The Man Who Can't Miss

 



“Be gentle,” says planet Earth’s most prodigious author of bestsellers to New Arrivals, by way of closing our conversation. Your correspondent is duly humbled. James Patterson’s concern is endearing, but frankly unwarranted. His staggering success is such that he need not give a flying fig what I – or anyone else, for that matter – make of him.

 

The subject of a recent Time magazine feature called “The Man Who Can't Miss,” Patterson has crafted more number one titles (typically crime thrillers and mysteries) in the past five years than Dan Brown, J.K. Rowling, Tom Clancy and John Grisham put together.

 

The first writer to simultaneously hold the top spots of both the New York Times adult and children’s lists, the last 18 of his 34 books have been number one bestsellers. All told, he’s sold about 100 million copies; in 2005 alone they raked him in around $40 million. This is a man who’s earned the right to dismiss the Da Vinci Code phenomenon as “no big deal”.

Some writers are impervious to reviews, and James Patterson has long held that rarefied status. But the lack of respect granted him by the literati – or “literary snobs”, as he has it – is obviously a nagging sore point. He has previously admitted to it being his “biggest frustration”.

 

Perhaps a desire for critical plaudits is driving his first foray into non-fiction – although he bridles at the suggestion (and won’t be drawn into divulging details of the project). He’s also quick to defend his output to date, saying: “It's not Dickens.” (Indeed, he told the Chicago Tribune in 2001 that when starting his career, “I had decided I didn't have Ulysses in me, but I might have a Day of the Jackal.”)

 

“I write stuff that's larger than life,” he says today. “It’s supposed to be overblown. I'm not trying to make it like real life. 

 

“Every once in a while somebody will say, ‘Well, this isn't very realistic.’ I always think about someone looking at a roller-coaster and saying it isn't very realistic. No, it’s a roller-coaster.”

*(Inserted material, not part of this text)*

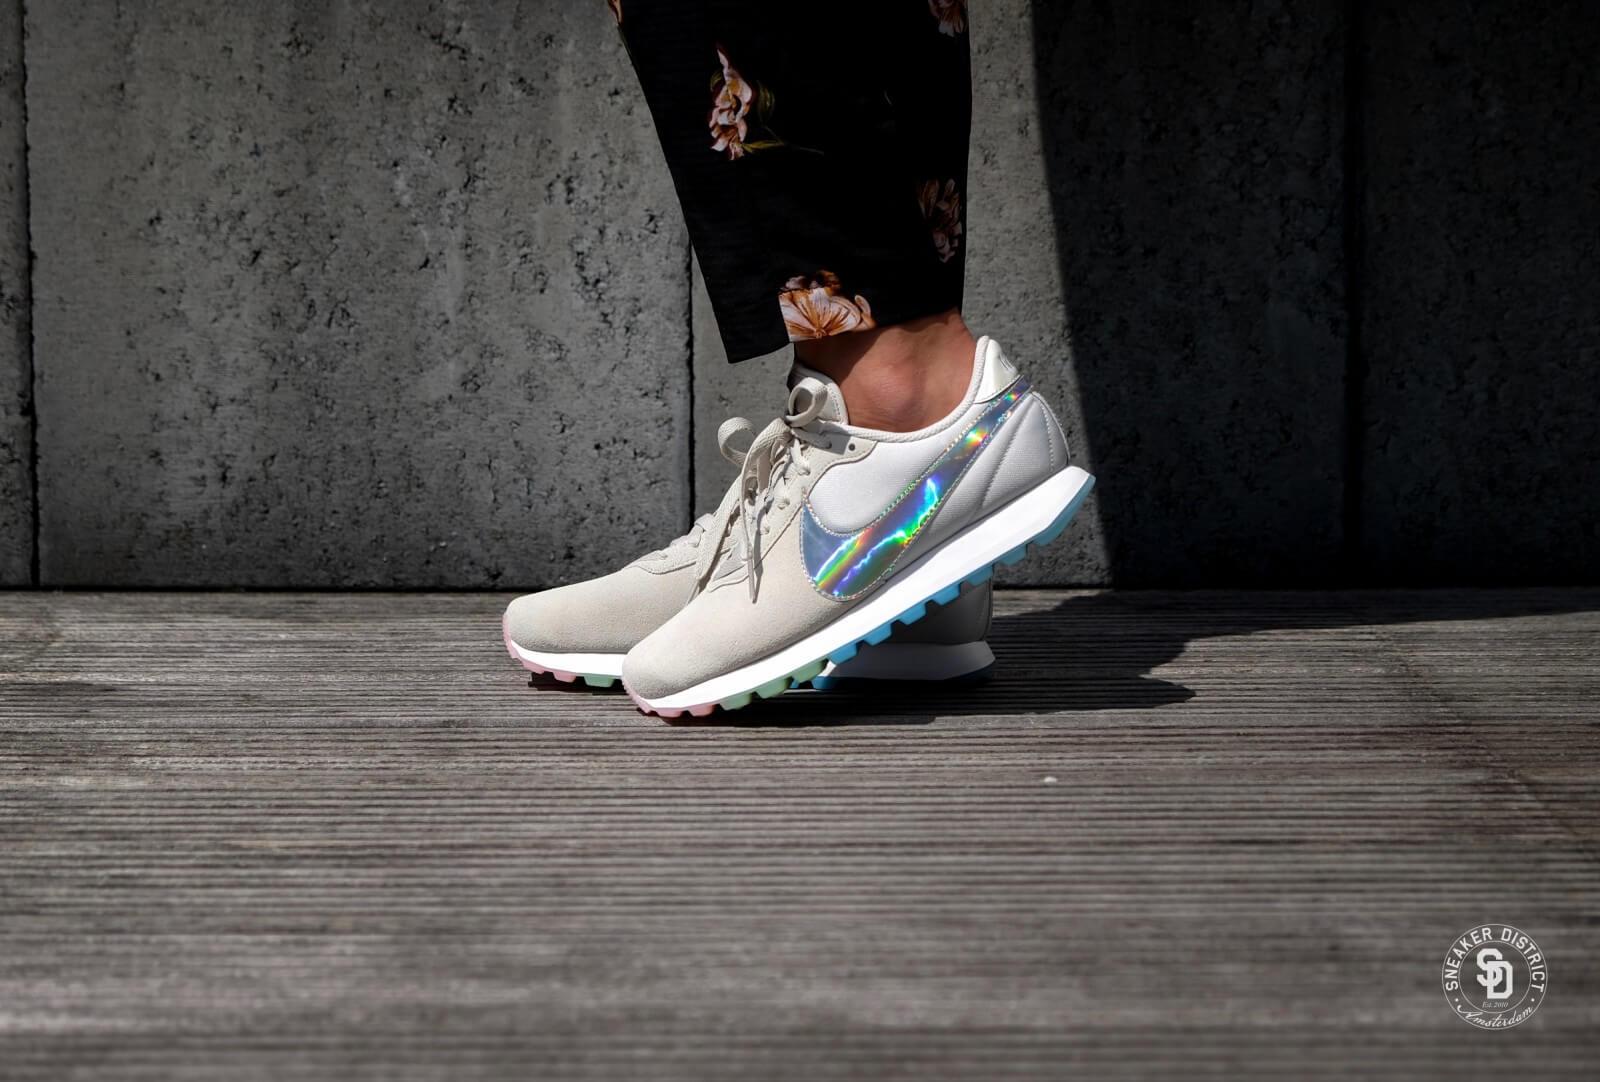 Nike Women's Pre-Love o.x. Summit White

This analogy also scans as an apt metaphor for Patterson’s writing style. Dickens it confirmedly ain’t, but the slick, anonymous prose presents a master-class in breakneck pulp pacing, precisely engineered to propel the reader into serpentine plots at a page-turning rate of knots. The action unfolds in bite-size chapters, of which a typical novel might contain 150, most being just two or three pages long. His paragraphs are short, too; often just a couple of sentences.

 

“Michael Connelly said something about me in an interview that I think is great: ‘Patterson boils a scene down to the single telling element that defines a character or moves the plot along. It's what fires off the movie projector in the reader's mind.’

 

“I hadn't really thought of it that way, but I think there's a lot of truth in terms of boiling scenes down to that simple, telling element.”

 

The taut, hook-laden prose seems informed by Patterson’s origins as an advertising copywriter (he was the youngest ever CEO of the J. Walter Thompson agency). “In creating advertising you soon become aware that there is someone on the other side of the communication that you're putting out,” he says. “And I'm very aware of the audience for my novels. I am respectful of them. I want them to have a good time.  I want them to keep reading.

 

“When I sit down to write, I pretend that there's one person sitting across from me. I don't want them to get up until it's over with. No bathroom breaks.” A pertinent rule of thumb for the occupants of a rollercoaster.